Bielsa: Chile succumbed to far superior Brazil
Brazil are among the favorites to win soccer's most treasured prize and the enigmatic Bielsa said his team had not been able to challenge their South American rivals.
"Brazil's superiority was too much for us and we were unable to slow them down," he told a news conference after Monday's second round game at the Ellis Park stadium in Johannesburg, declining to say whether he would stay on as coach.
Bielsa has transformed the Chilean team in his three years in charge, turning them from one of the worst on the continent into one of the best, but that was not enough to cause the five-times world champions much trouble.
"It's hard to adapt to an opponent when there's such a big gap in quality," said the eccentric Argentine.
"Today I hoped we'd be able to achieve something.
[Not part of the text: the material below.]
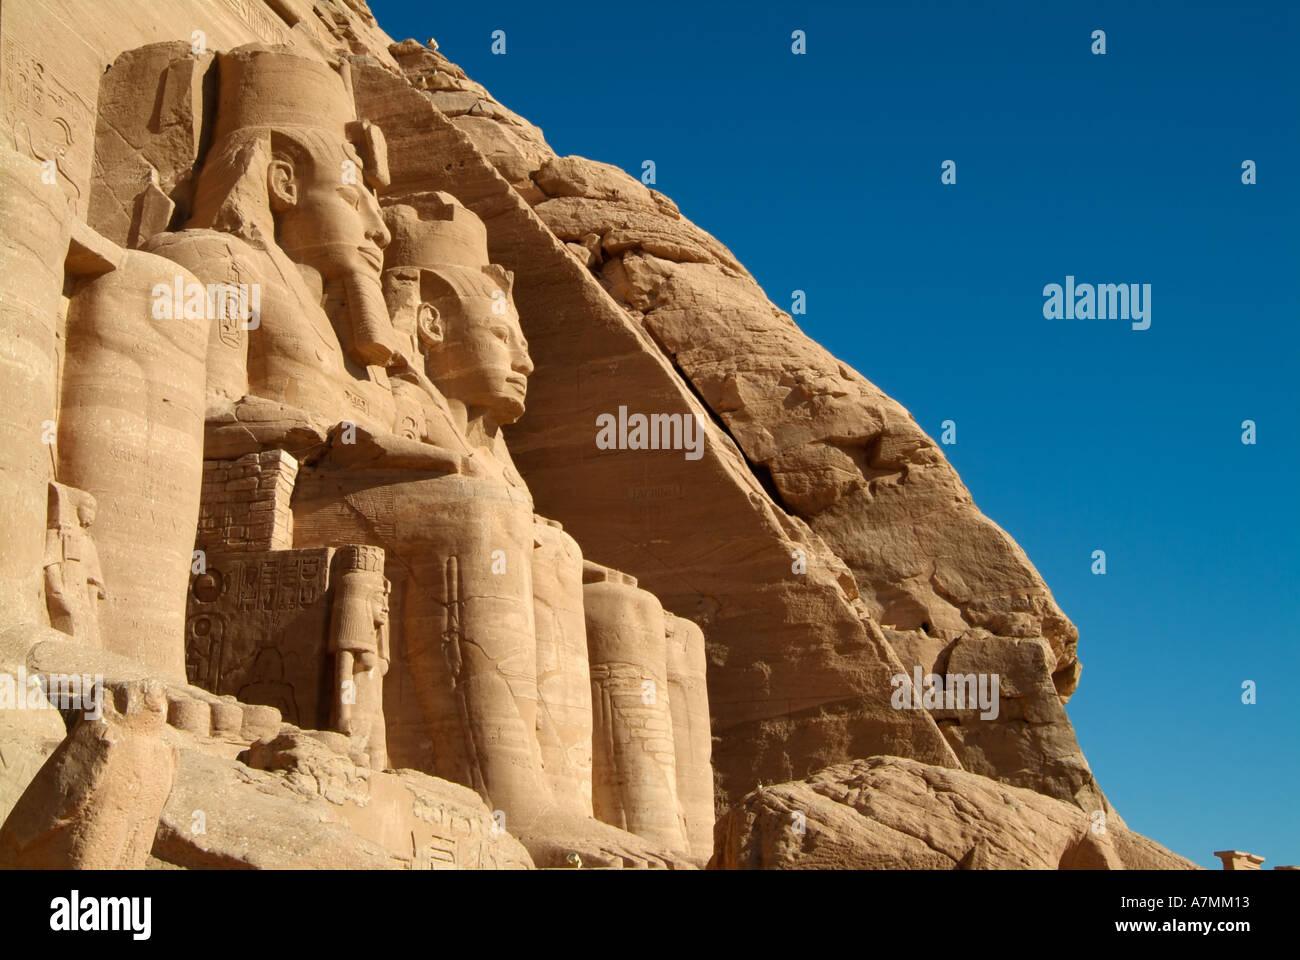 Colossal statues of Ramses II at Abu Simbel, Egypt - Stock Image

I hoped we'd be able to get closer to Brazil (and) I don't think it was such a one-way match, but we didn't have the necessary punch to transform pole position into danger," he said.
Chile went into the match on the back of seven consecutive defeats by Brazil, but Bielsa's plan to attack was ruthlessly exploited by a Dunga team which thrives when given room to play on the counter attack.
"You can't leave such a competition without a distinct feeling of disappointment," Bielsa said.
"There's a lot of sadness and disappointment and I feel sorry (because) the players made a huge effort to showcase their best talents and prove their worth."